Ndura Waruingi, a close relative of Njenga acted as the national coordinator of Mungiki because he was better educated and had better oratory skills.
In 1998 after ethnic clashes erupted in Olmoran division, Laikipia, where 60 people were killed, political leaders secretly started arming the Mungiki followers to ward off further attacks.
The funds-drive for the purchase of arms was spearheaded by the departed controversial politician, Kihika Kimani, who was then Laikipia West MP and former Kiambaa MP, Njenga Karume, who is also deceased.
When ethnic clashes erupted in Njoro immediately after Laikipia, they were quickly extinguished after Mungiki adherents countered the attacks.
Mungiki had quickly morphed from quasi-religious outfit to political militia for hire.
But the gang also discovered something crucial: they realised they could exploit existing security gaps by presenting themselves as the people’s watchmen, and levy “protection” fees for their trouble.
This soon expanded to cover public transport sector where they demanded money to allow matatus to operate on routes under their “command,” usually with police complicity.

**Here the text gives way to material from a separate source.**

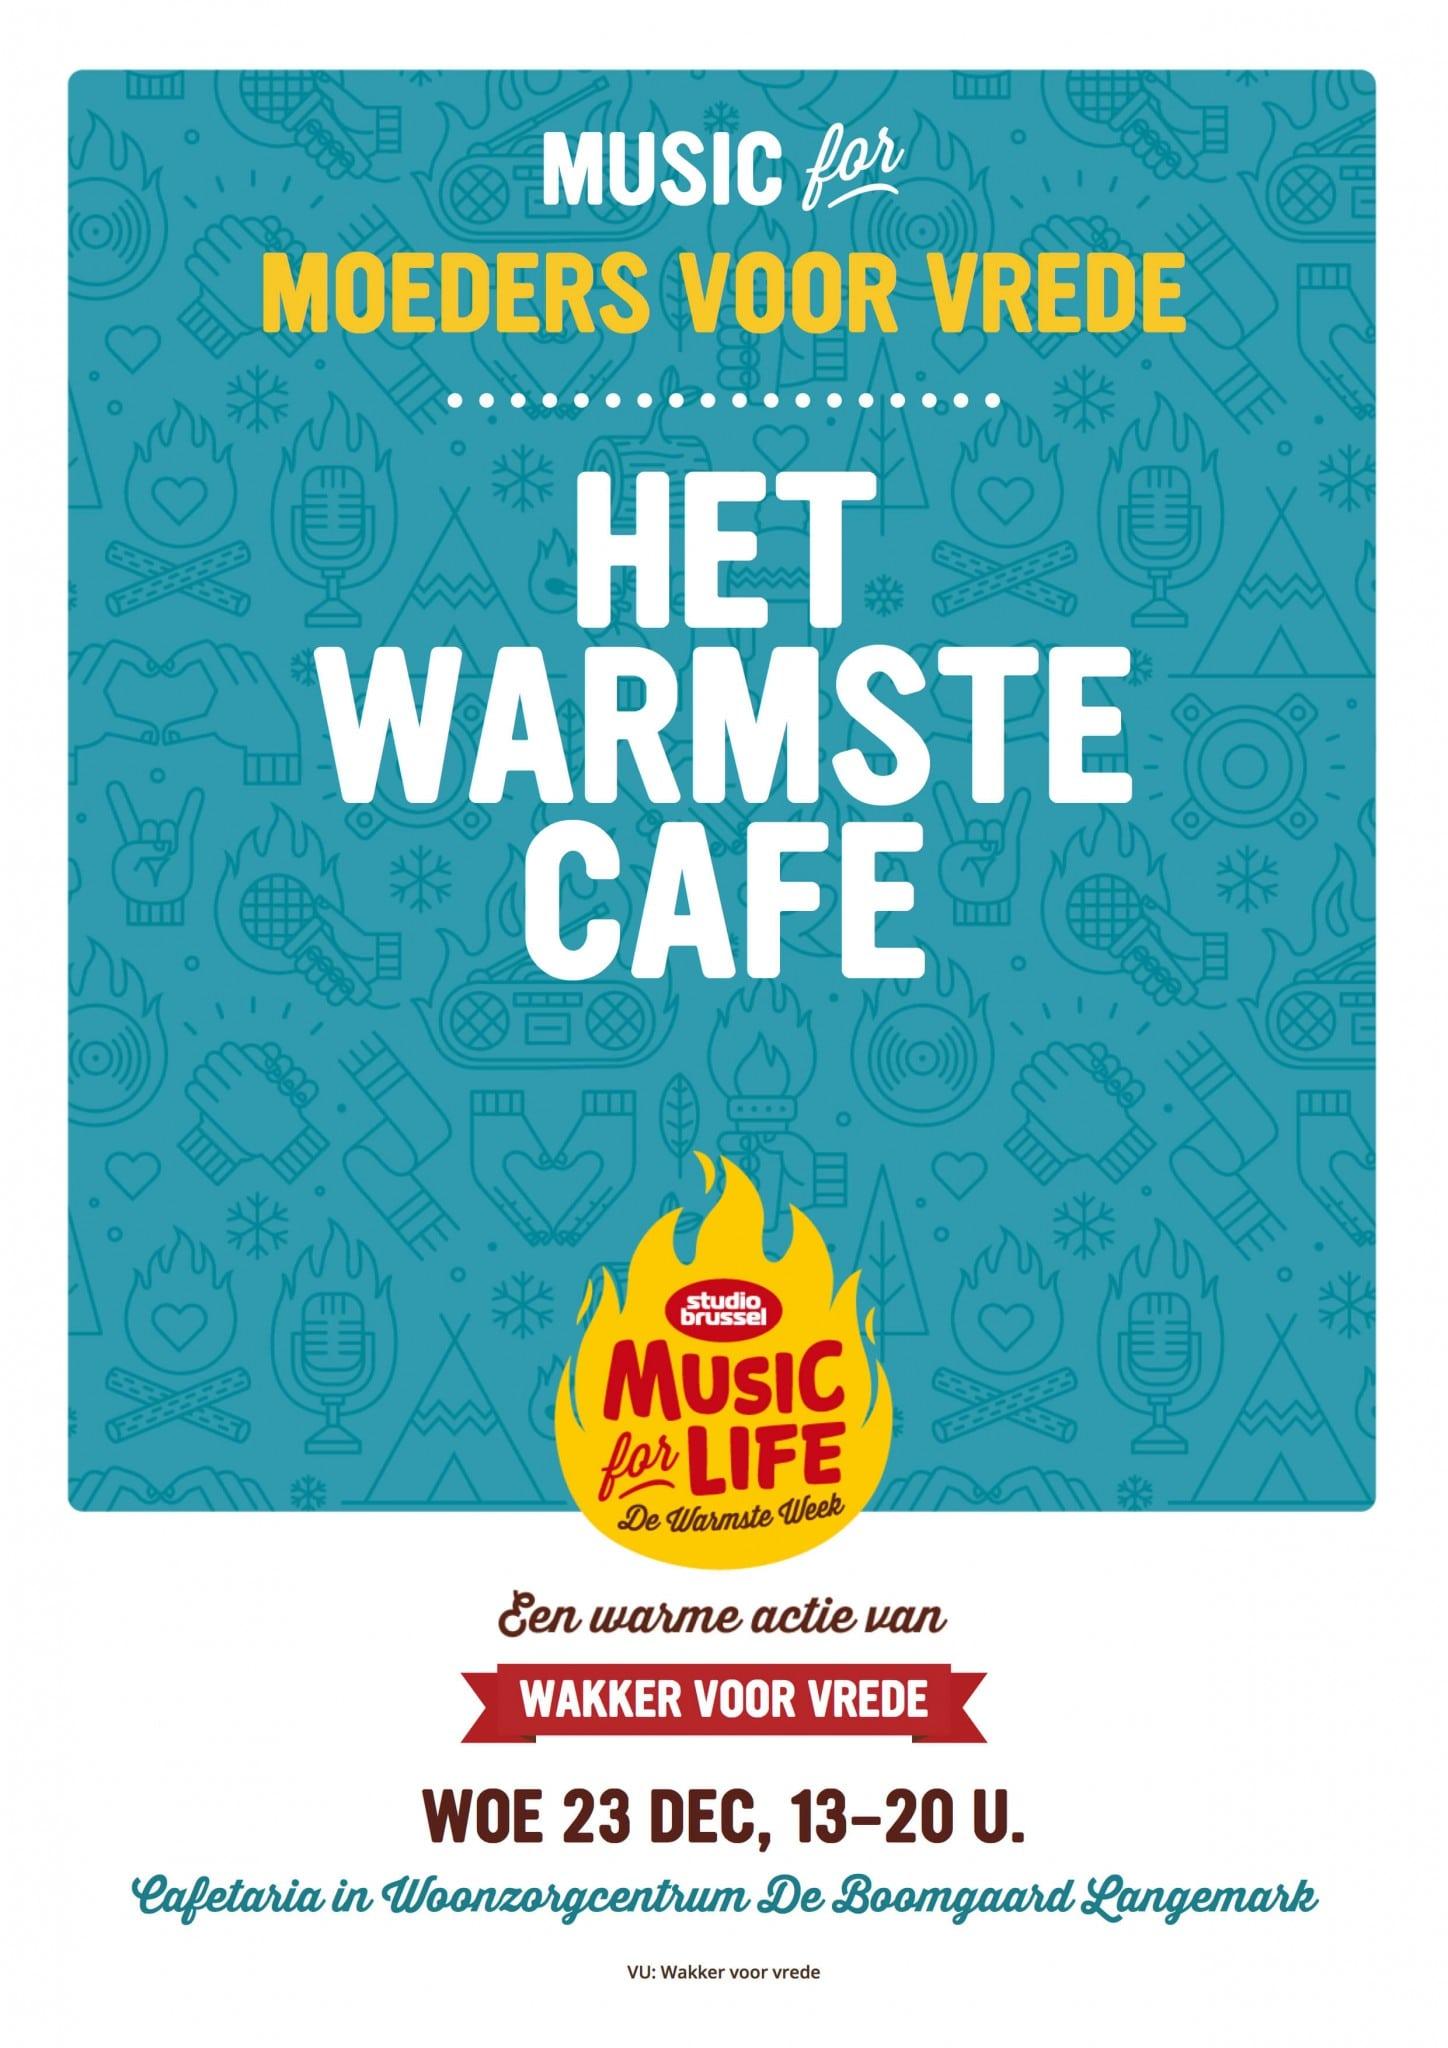 Het Warmste Café Voor Moeders Voor Vrede

Small and medium-size businesses also had to pay monthly protection fees collected by Mungiki operatives, who also imposed levies on construction materials delivered within their jurisdiction.
Defaulters were beaten up and in some instances beheaded so as to enforce total compliance of the Mungiki code, especially in slums such as Korogocho, Githurai, Mathare Kariobangi and Dandora.
According to sources who cannot be named for fear of reprisals, a substantial percentage of those funds ended up in the hands of Njenga.
When law enforcers turned up the heat, Waruinge and Njenga sought refuge from a very surprising quarter. On September 3, 2000, Maina Islamised and became Mohamed Njenga, while Waruinge became Ibrahim Ndura Waruinge. They were received at Mombasa’s Sakina Mosque by the chairman of Council of Imams and Preachers Sheikh Ali Shee.
At the time the entire Mungiki leadership comprising of provincial coordinators, Hassan Waithaka Wagacha (Central) Mohamed Kamau Mwathi (Nairobi), Hussein Kamau Ruo (Rift Valley) and Khadijah Wangari (women leader) proclaimed their Islam faith and said harassment of Mungiki would be seen as an affront to Muslims.
The marriage between the two religious groups however hit the rock after only three short months after a section of Muslim preachers accused Njenga’s group of hiding in mosques to disguise their nefarious intentions.
By December 2000 there were calls for Mungiki adherents to be expelled, prompting Njenga and his group to retort that Islam was not a political party where converts could be kicked out.
Njenga and his henchmen then turned their focus on politics, winning the support of former President Daniel arap Moi who entertained delegations of Mungiki defectors at the State House in Nakuru.
The friendship between the outlawed sect and the political class blossomed on March 3, 2002, when Njenga and Waruinge declared that they would support Uhuru Kenyatta who had been picked by Moi to succeed him as Kanu’s presidential candidate.
However, the following day Mungiki goons went on the rampage in Kariobangi, Nairobi and butchered 23 people, after deadly clash with another illegal militia over turf control.
Kanu quickly distanced itself from Mungiki while Uhuru declared he was Catholic and would have nothing to do with the murderous gang.
Njenga was arrested in 2004 and charged with murder but he was acquitted, only to be rearrested in February 2006 and accused of administering illegal oaths and being in possession of weapons.
It was while he was in jail at Kamiti awaiting the conclusion of his trial that he proclaimed that he had finally seen the light and converted to Christianity.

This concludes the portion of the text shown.